Carroll officials are elated -- check that, happy -- that Marada Industries Inc. wants to expand its auto parts manufacturing operation in the Carroll County Air Business Park. The expansion will be smaller than officials had hoped for, and offers another example of why Carroll County must sustain a strong economic development effort.

In preliminary discussions with the county beginning two years ago, Marada's executives indicated they were interested in possibly investing as much as $16 million in a larger plant and adding 250 jobs to its local payroll.

Instead of building a facility twice the size of Marada's two existing plants, the company will construct a 40,000-square-foot building in Westminster that will cost $2 million, a fraction of the original plan. The number of workers added to the payroll will range, the company said, between 100 and 150 -- substantial, but less than the 250 discussed two years ago.

Through most of these negotiations, Carroll did not have a full-time economic development director. We will never know if the lack of such a director caused the company to rethink its investment plans. A full-time director might have been able to allay concerns, expedite negotiations and leave Marada with the impression that the county was sincerely interested in its expansion. Instead, the company had to deal with an ad hoc economic development team that was stretched thin and could not be totally attentive.
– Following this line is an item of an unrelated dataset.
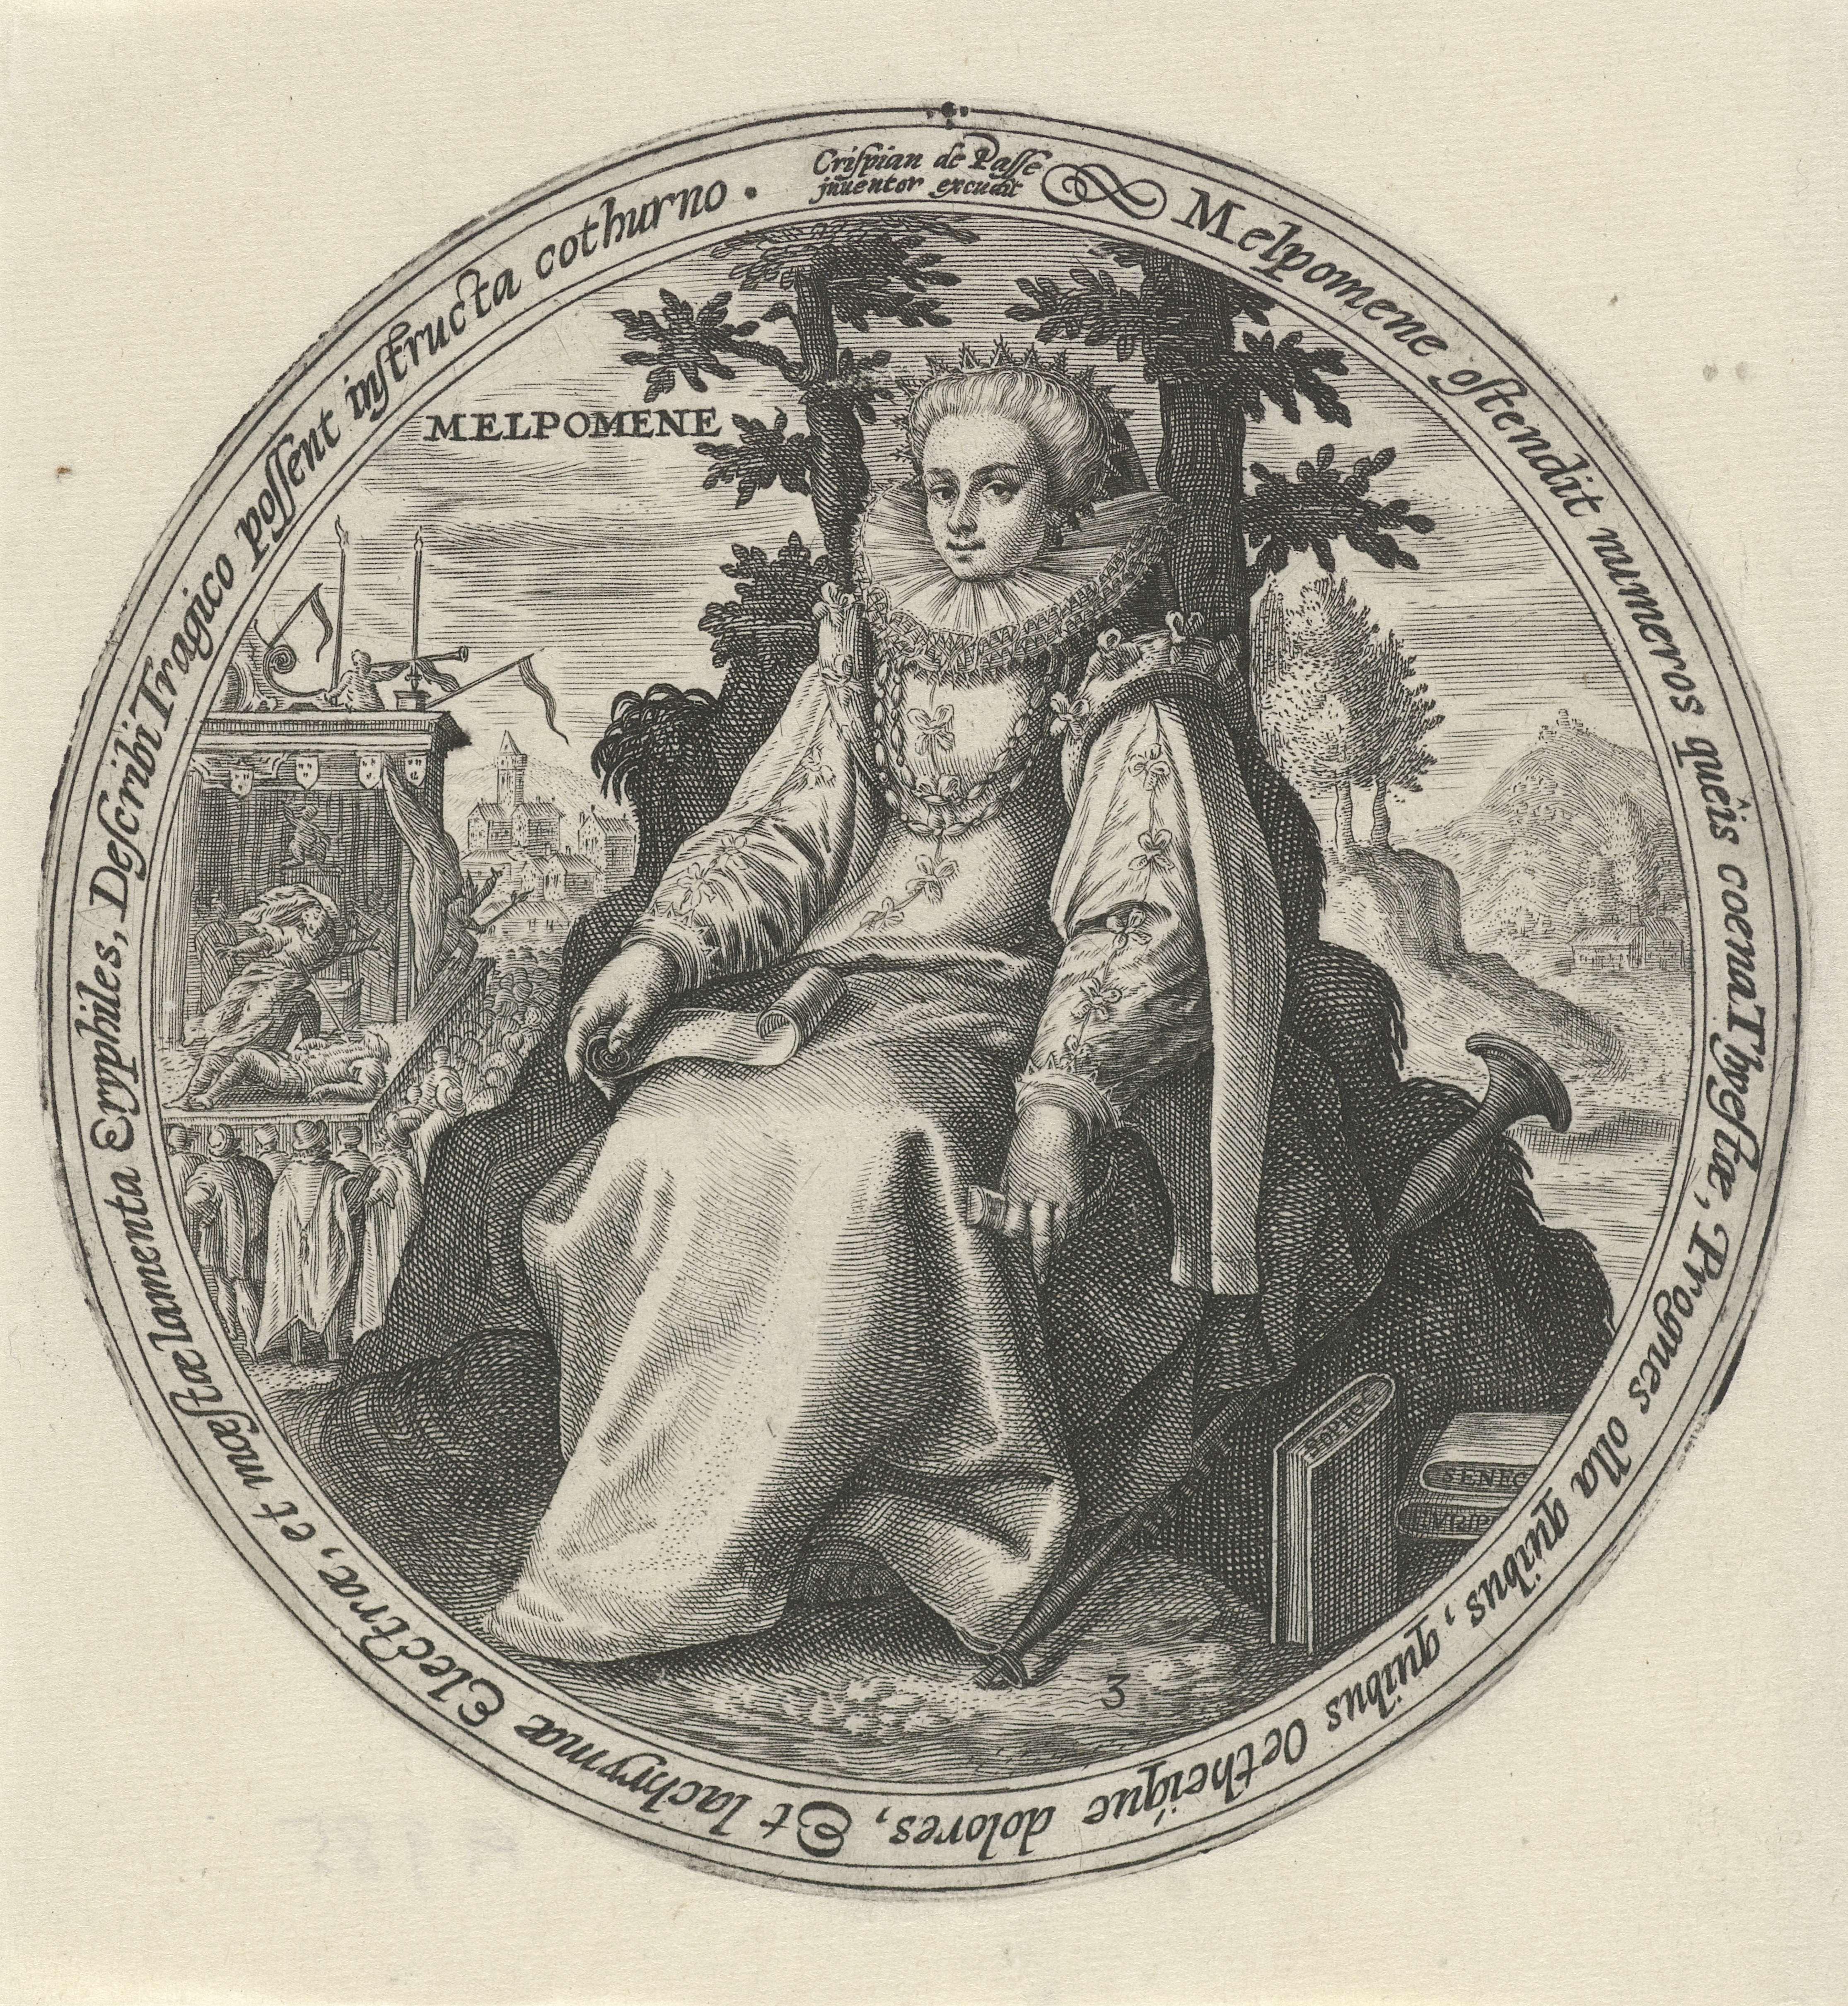 Crispijn van de Passe (I) | Melpomene, Crispijn van de Passe (I), 1589 - 1611 | Landschap met Melpomene, de muze van het treurspel, met een lege dolkschede en een papier in haar handen. Op de achtergrond wordt op een podium een toneelspel opgevoerd. Derde prent uit een serie met muzen.

Another large question mark is the lack of a rail line to the business park. The county would have been in a much better bargaining position had a proposed 2.5-mile rail spur been in place. The best the county could do for Marada was to promise that it would raise the money -- estimated at $6 million to $7 million -- to construct the rail line. Considering the general hostility toward government spending and other urgent demands on the county budget, Marada executives may have decided the county could not accommodate it in a timely manner.

Attracting business and commercial development demands much more attention than Carroll has accorded it. Marada's expansion is welcome news, but Carroll is a long way from having the strong commercial and industrial tax base required to finance its growing needs.